Segment Start: Given material

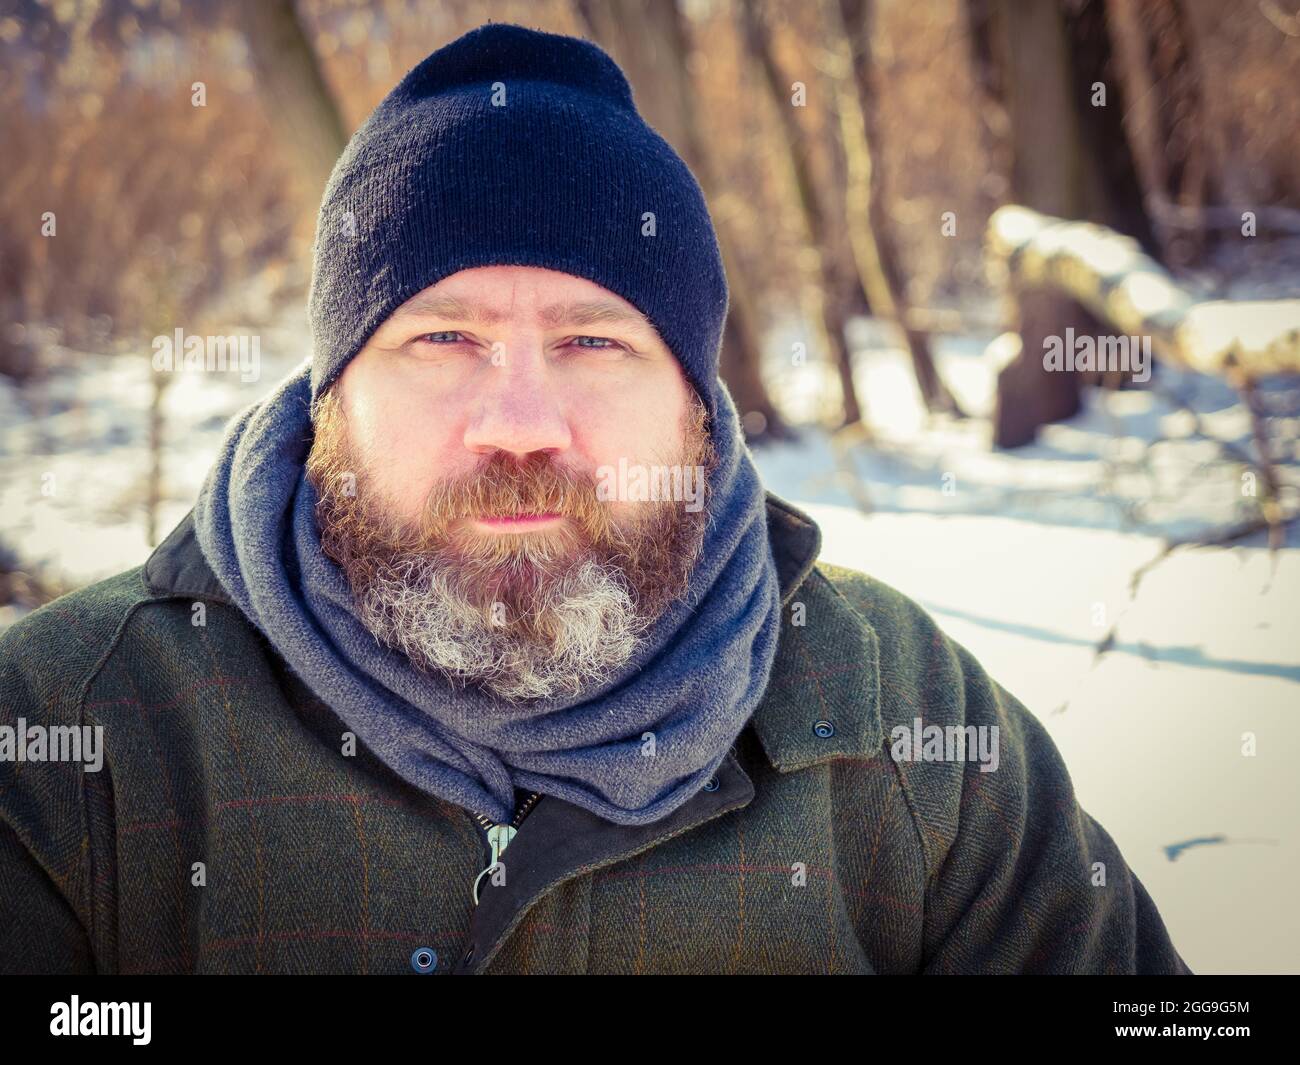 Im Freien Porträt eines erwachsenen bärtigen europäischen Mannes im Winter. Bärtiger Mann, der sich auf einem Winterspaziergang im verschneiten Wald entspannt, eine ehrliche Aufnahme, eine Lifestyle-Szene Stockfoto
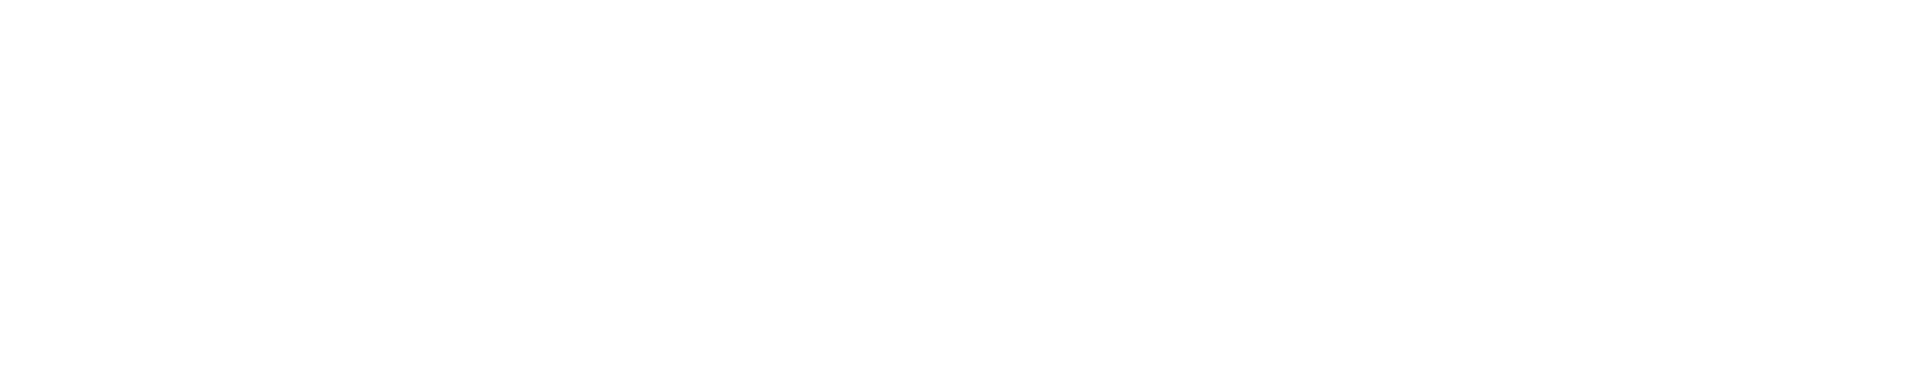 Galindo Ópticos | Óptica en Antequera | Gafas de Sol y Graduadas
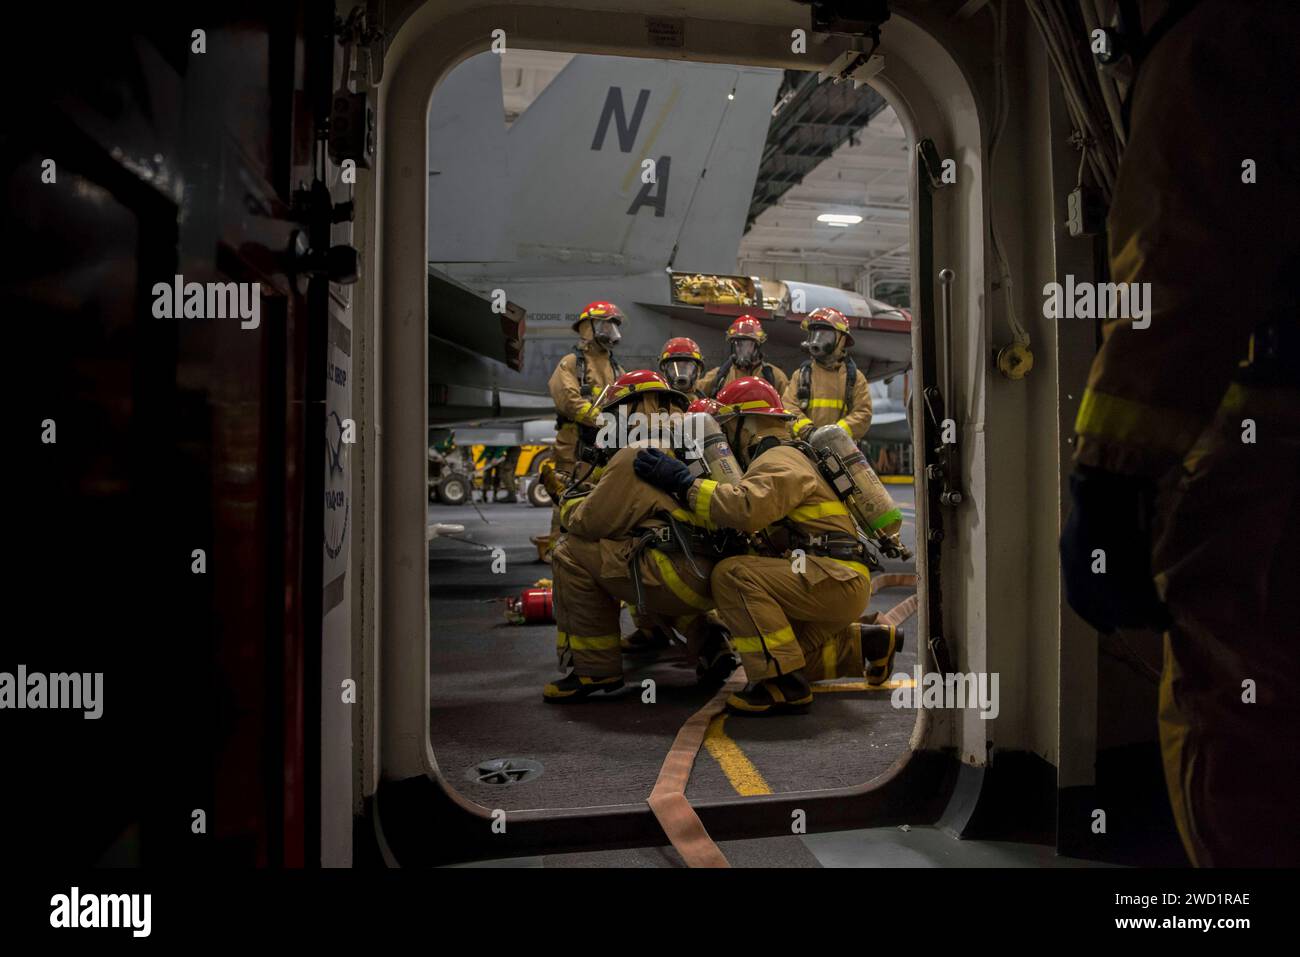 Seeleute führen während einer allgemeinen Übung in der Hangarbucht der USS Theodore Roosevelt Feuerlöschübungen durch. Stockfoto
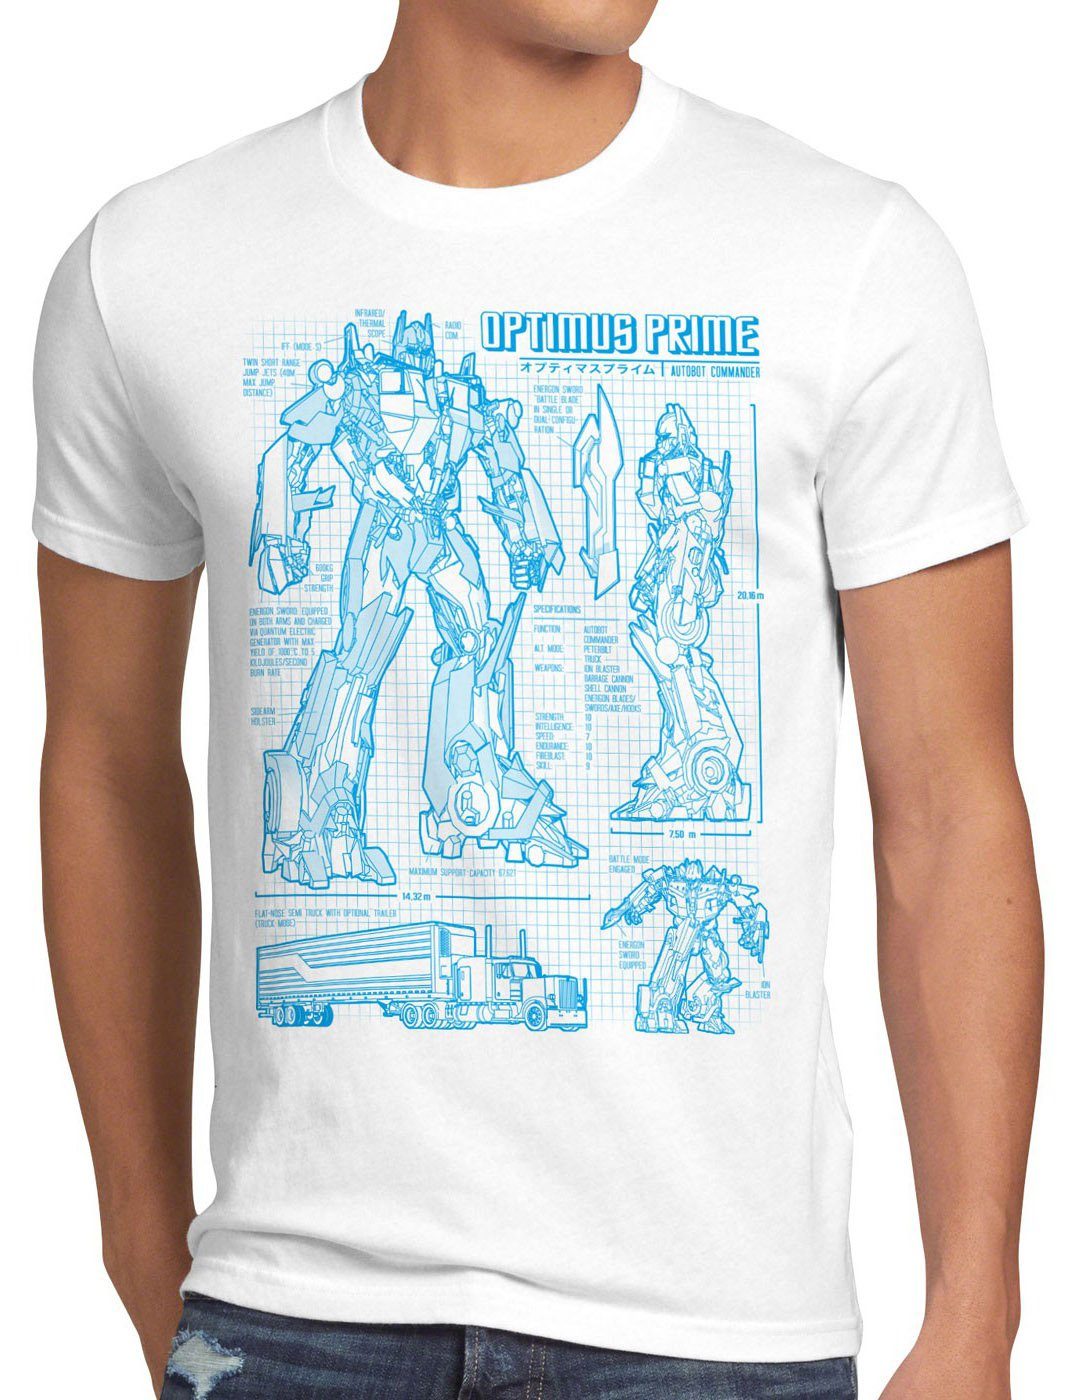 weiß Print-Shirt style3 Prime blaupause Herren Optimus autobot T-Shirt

Segment End: Given material

## Task prompt
Repeat the material above word for word and skip every image in it.

## Exercise response
 Im Freien Porträt eines erwachsenen bärtigen europäischen Mannes im Winter. Bärtiger Mann, der sich auf einem Winterspaziergang im verschneiten Wald entspannt, eine ehrliche Aufnahme, eine Lifestyle-Szene Stockfoto
 Galindo Ópticos | Óptica en Antequera | Gafas de Sol y Graduadas
 Seeleute führen während einer allgemeinen Übung in der Hangarbucht der USS Theodore Roosevelt Feuerlöschübungen durch. Stockfoto
 weiß Print-Shirt style3 Prime blaupause Herren Optimus autobot T-Shirt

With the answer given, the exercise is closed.